Değerleme Hakları ve İşletme Değerleme Yöntemleri

Yukarıda belirtildiği gibi, bir işletmeye değer vermenin ve hissedarları memnun etmek için adil bir hisse senedi fiyatına ulaşmanın birkaç yolu vardır. Bunun bir yolu, bir şirketin net varlık değerine (NAV) veya toplam varlıklarının gerçeğe uygun piyasa değerinden toplam yükümlülükleri çıkararak odaklanan varlığa dayalı bir değerlemedir.

Esasen bu yöntem, işi fiziksel olarak yeniden yaratmanın maliyetini belirler. Şirketin varlık ve yükümlülüklerinden hangilerinin değerlemeye dahil edileceğine ve her birinin değerinin nasıl ölçüleceğine karar verilmesi açısından yorumlama alanı vardır. Örneğin, belirli envanter maliyeti yöntemleri (örneğin LIFO veya FIFO ), şirketin envanterini farklı şekillerde değerlendirecek ve bu da şirketin varlıklarının toplam değerinde değişikliklere yol açacaktır.

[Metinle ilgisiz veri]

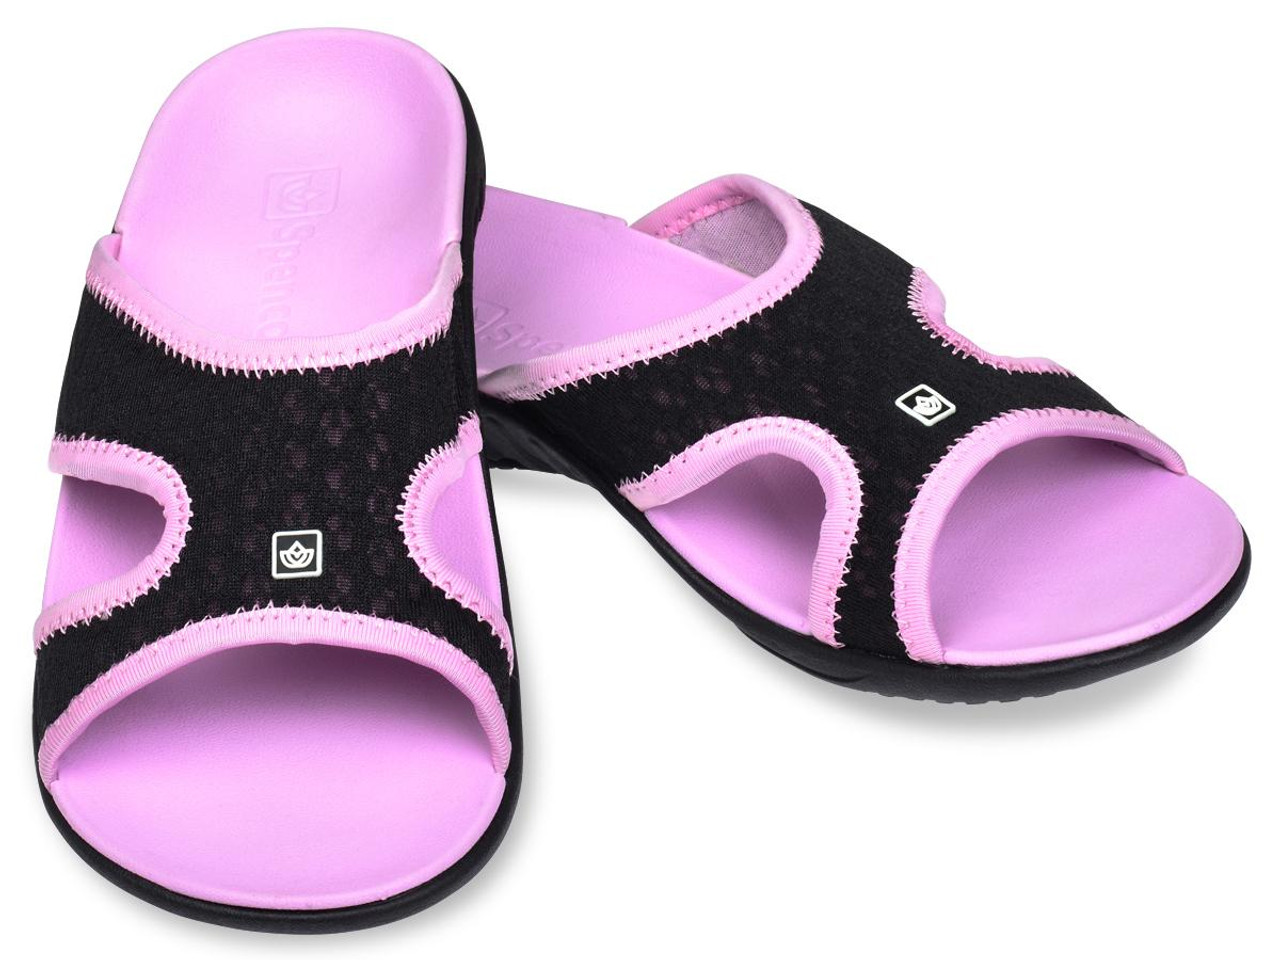 Spenco Kholo Women's Slide Sandals

Diğer bir işletme değerleme biçimi, bir işletmenin rakiplere karşı nasıl biriktiğini belirlemek için fiyat / kazanç (K / E) oranı gibi karşılaştırılabilir kazanç oranları kullanmaktır. Örneğin, bir şirketin P / E oranı emsal grubu arasında en yüksekse, ya sahada gerçekten ümit verici bir üstünlüğe sahiptir (belki yeni bir teknoloji veya yeni bir pazar alanında satın alma) ya da aşırı değerlidir (yani fiyatı gerçek karıyla karşılaştırıldığında çok yüksektir).

Son olarak, bağımsız değerlendiriciler, bir değerleme hakları konusunda objektif bir hisse senedi fiyatına ulaşmak için indirgenmiş nakit akışı (DCF) yöntemini kullanabilir. Göreceli bir değerleme yöntemi olan karşılaştırılabilir yöntemin aksine, DCF yöntemi herhangi bir rakipten bağımsız olarak içsel bir yöntem olarak kabul edilir. Temelde DCF yöntemi, gelecekteki nakit akışlarının tahminlerine dayanır. Bunlar daha sonra şirketin mevcut piyasa değerini elde etmek için ayarlanır.